Постепенно привыкли к правильному произношению и написанию – Реутт. Это польские дворяне – шляхтичи. Начали осваивать окрестные земли и создали то, что на западный манер именуется фольварк, то есть имение или заимка. В урочище рядом с капличкой они в 1854 году построили пивоварню[9]9
  Информация о Застенке и Богушевске – на сайте ru.wikipedia.org.


[Закрыть]
. Сюда же стали селиться и другие богатые приезжие – Яцевичи, Ландёнок, Мойша Гиршевич Кулик, Кац, Кривошеевы.

И ещё сюда, в местечко Монастыри, приехали и здесь обжились и отстроились шляхтичи Антоневичи. Вот как раз к усадьбе Антоневичей и пойдёт Ян Реутт. Но это чуток позже. А пока…

А пока Ян Реутт с широко раскрытыми глазами замирает на перекрестии улочек, откуда предстал взору родительский дом. Старается не шевелиться, потому что в их домашнем парке (он же сад, он же огород) громко завздыхали милые ему с детства горлицы: угху-ху-ху, угху-ху-ху. Мелодично, в три слога.

В Китае горлиц не водится, а жаль, Ян по ним соскучился, ведь они так по-доброму будят деревенских жителей, и они такие красивые со своими чёрно-белыми кольцами-ожерельями на шее. Ага, вон там их видно – двух горлиц на той самой кормушке, который Ян пять лет назад собрал-склеил из веточек в углу живого плота, облепленного синичками и воробьями.

Живой плот – это зелёная ограда вокруг их имения, она из дёрена. Веточки этого дёрена, подаренные кем-то из соседей, маминка прорастила в кувшинах с водой. Они все, штук сто, дружно дали корни. И Ян, тогда ещё совсем мальчишка, посадил их ровненько по краям участка. А потом постоянно стриг садовыми ножницами. Кто сейчас стрижёт этот плот. Тата? Или зять Адам, муж Франциски? Ой, а каким огромным вымахал в самой серёдке их парка оржех! И этого грецкого ореха, и съестного каштана, и дуба Ян посадил в землю собранными в лесу плодами: ямка для ореха, другая для каштана, в третью закопал жёлудь. Все взялись, и когда Ян уезжал в Маньчжурию, то мог дотянуться до их вершинок рукою. А теперь? Теперь все три дерева выше дома. А под ними чистый от плевел и прокошенный литовкой травник.

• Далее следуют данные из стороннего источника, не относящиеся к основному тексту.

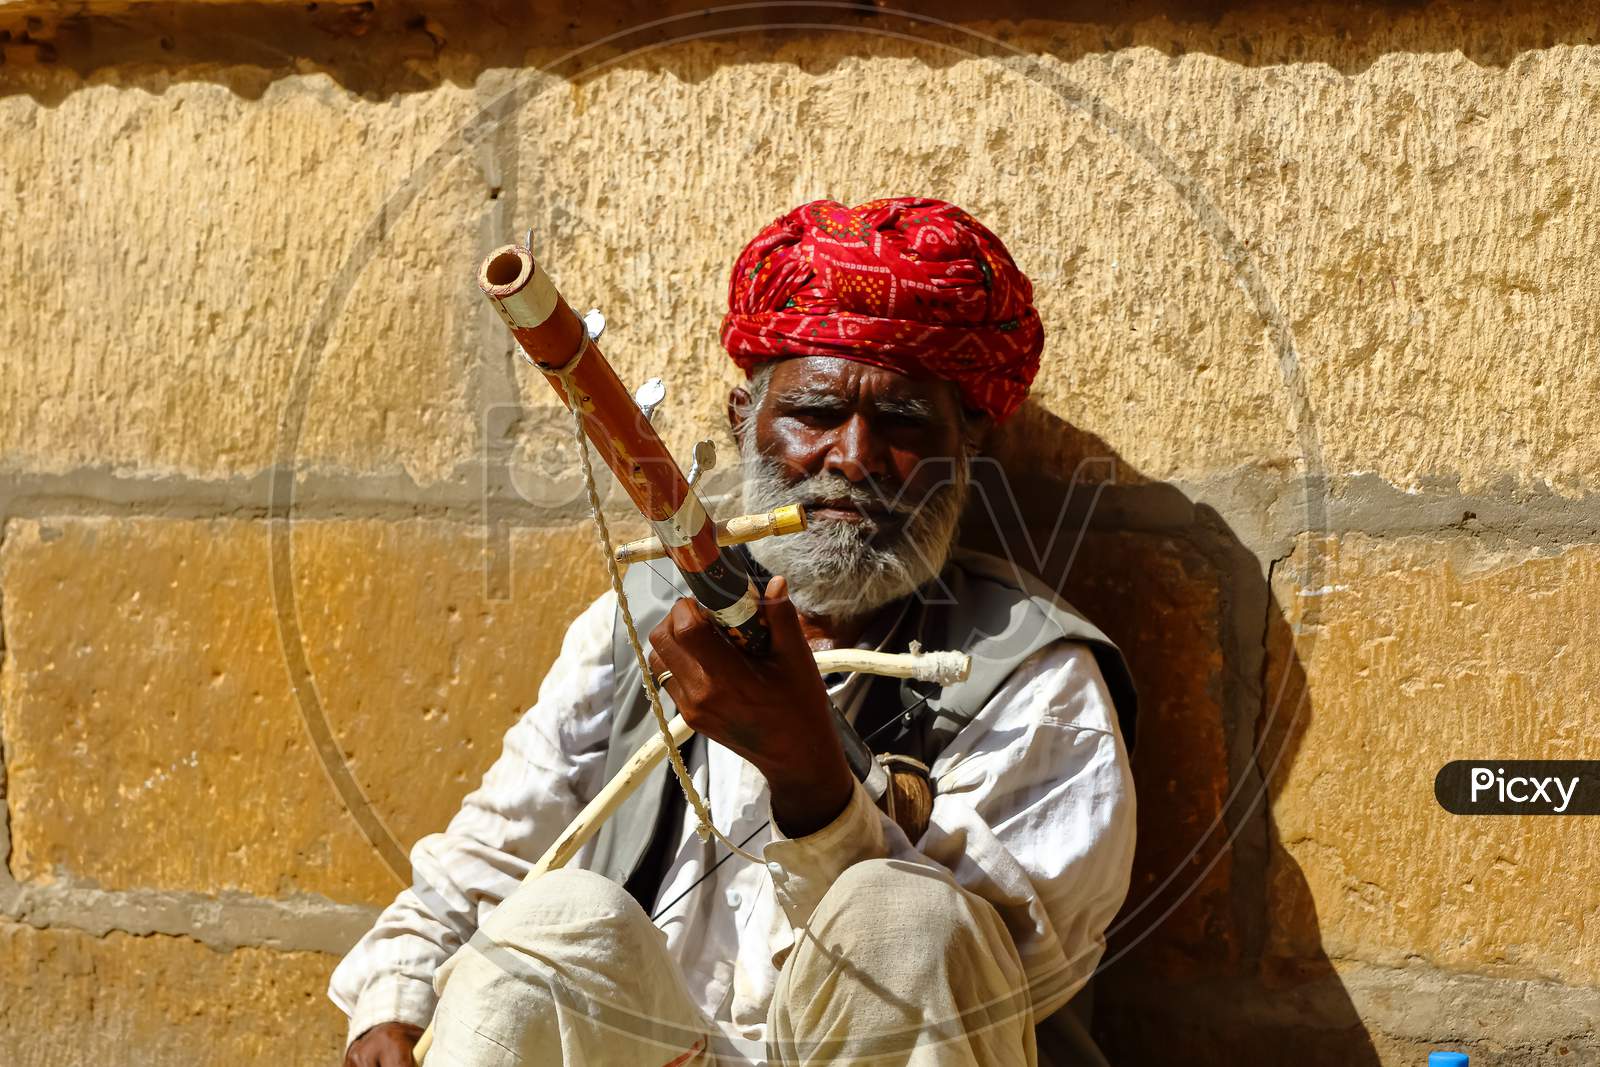 A man wearing turban is siting on ground and playing vilolin at Jaiselmer Rajasthan

Вовсю цветёт и благоухает вислая герань на воротах – белая, розовая, красная, синяя. Калиток и дверей тут никто никогда не запирает. И Ян уже во дворе, он подходит к крыльцу. Видит прилипшую к кухонному окошку сестричку Франциску с выпученными от изумления и восторга глазами, и она тут же вылетает на порог, вешается брату на шею, с которой он едва успевает сбросить трёхпудовый саквояж. Франциска заталкивает Яна в дом, что-то кричит пастуху, выгоняющему в этот ранний час скотину с соседского двора, тот понимающе кивает и уносится. И пока Ян уясняет, что тата с маминкой и с сестриным мужем Адамом часом раньше уехали на дальнее поле, и что их уже не догнать, как в дом ураганом врывается сёстра Тоня, она постарше Яна.

Тоня с Франциской знают, с какой целью он очутился сегодня в Монастырях. Последние года они бойко отписывали ему в Китай, какой красавицей вырастает соседка Аннушка. А самой Анке и её родителям эти самодеятельные свахи находили всякий повод напомнить в сотый и в двухсотый раз, что нет лучшего жениха, чем шляхтич Ян Юлианович Реутт. И сейчас готовят брата к встрече с Антоневичами, расспрашивают, хохочут, греют воду в бане. Принимаются разбирать дорожный узел брата, всплёскивают руками и смеются.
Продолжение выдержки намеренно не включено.